Memorial Day in Israel is not a day of picnics, fairs and fireworks. Throughout the country, family members visit their fallen loved ones in cemeteries, memorial candles are lit and psalms are recited in their memory. National memorials are held in the presence of top Israeli leadership and military personnel with Yizkor and Keyl Maleh Rachamim prayers recited and the name and rank of every fallen soldier are noted publicly on television in place of regular programming.

In one of the more public displays of mourning to honor the fallen soldiers, sirens are sounded simultaneously throughout the entire country, with a one minute siren in the evening, and a two minute siren the following morning. As the alarm pierces the air, all traffic comes to a halt and everyone stands for a moment of silence in honor of those who have fallen.

What is the purpose of silence? Speech is one of humankind’s most powerful tools and is one of the traits that humanity “shares” with God. It was with the power of speech that God created the world. (“And God said, ‘Let there be light,’ and there was light.”) People use their power of speech to connect with each other. Observing a minute of silence forces us to disconnect from those around us and to reflect on both the void created by these great losses, and the miracle of our own survival.

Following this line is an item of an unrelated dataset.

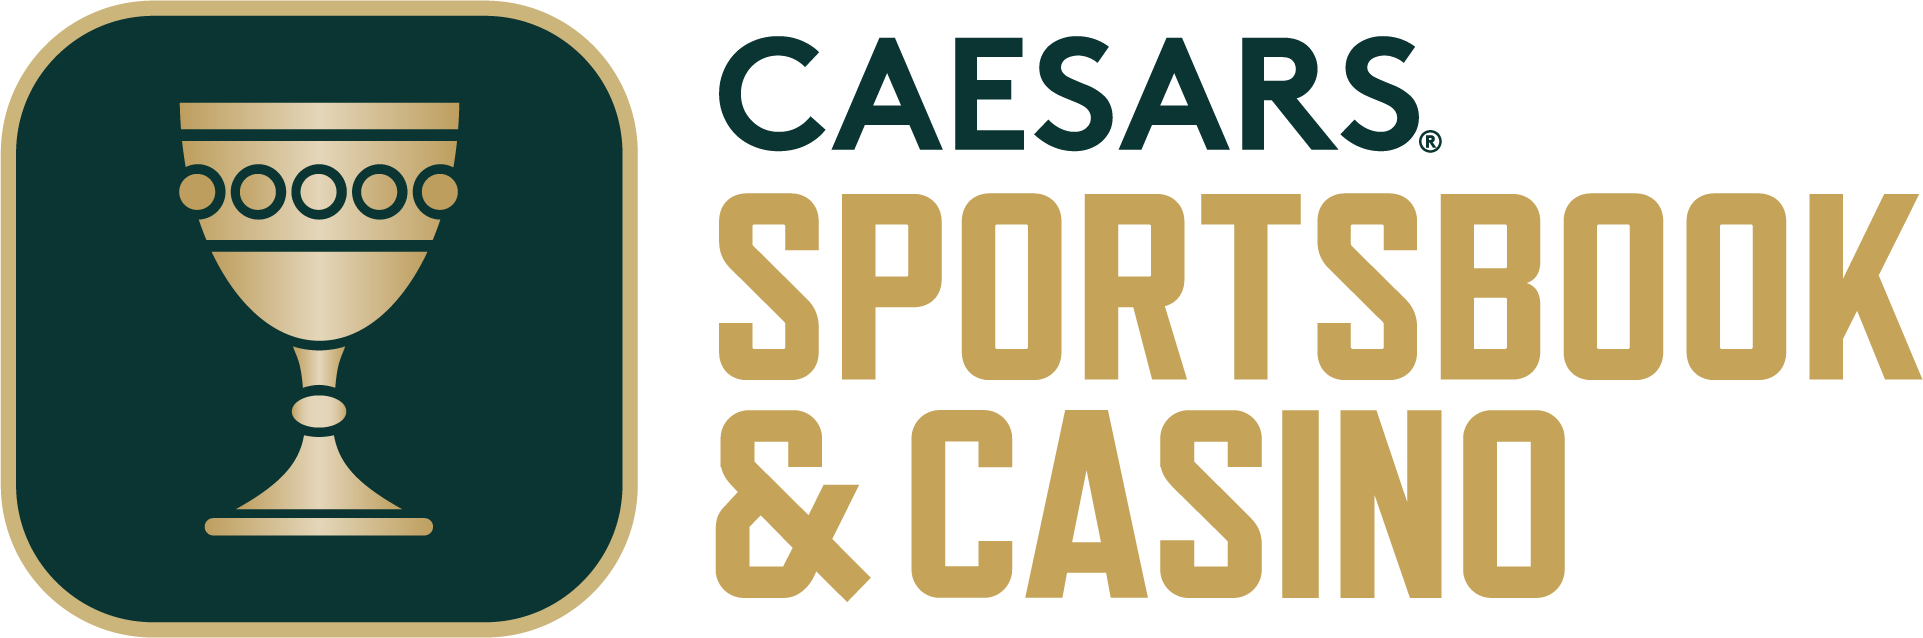 caesars casino and sportsbook
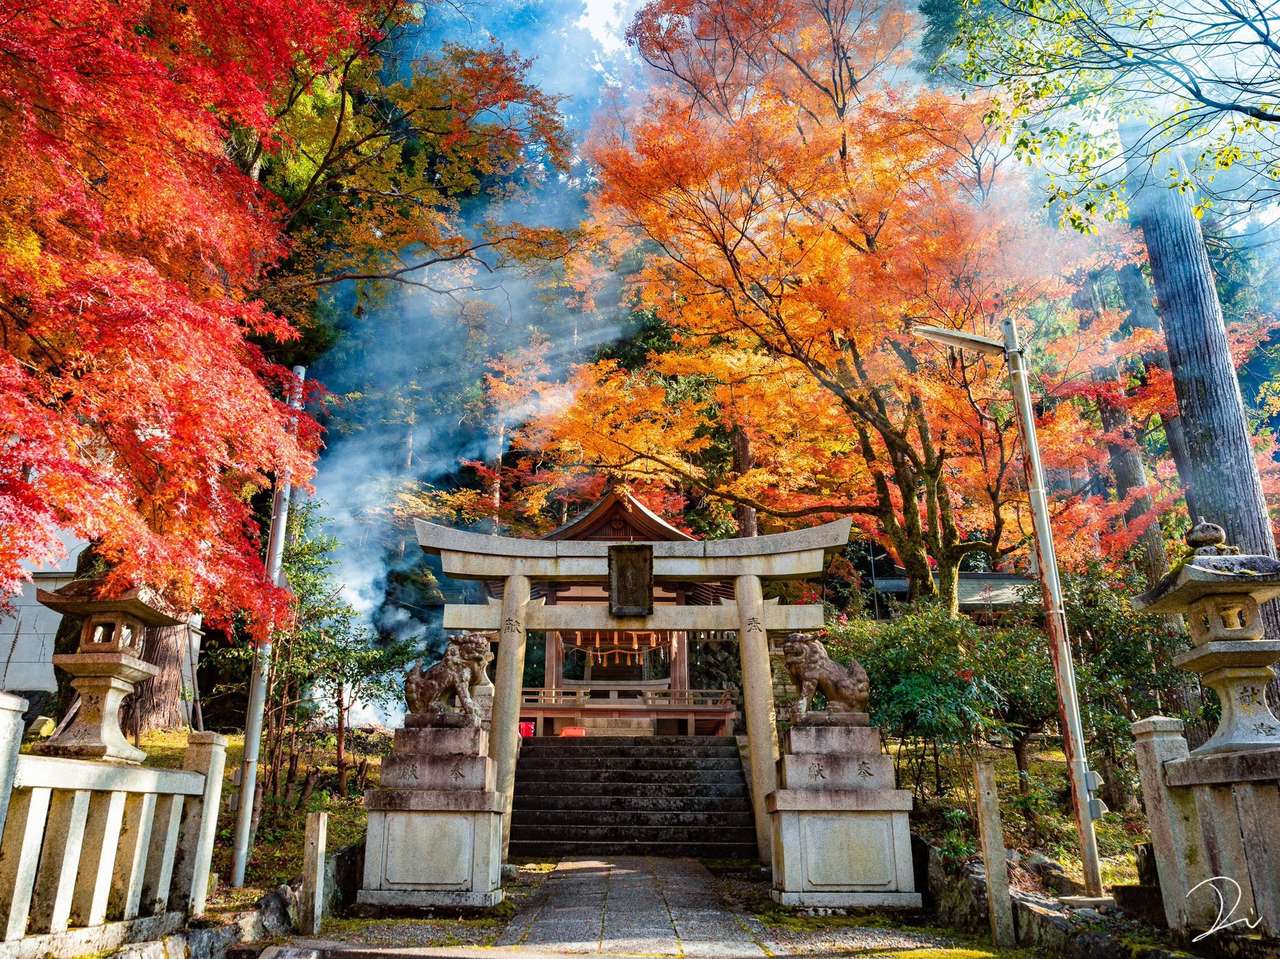 O imagine frumoasă a Japoniei puzzle online

While Yom Hazikaron is normally commemorated on the 4th of Iyar, this year, because the 5th of Iyar, Yom Ha’atzma’ut, Israel Independence Day occurs on Friday, in order to avoid the desecration of Shabbat, Yom Ha’atzma’ut is moved up to this Wednesday night and Thursday, and, in turn, Yom Hazikaron is moved up to the day before, and is commemorated tonight and tomorrow.

This Treat was originally posted April 27, 2009.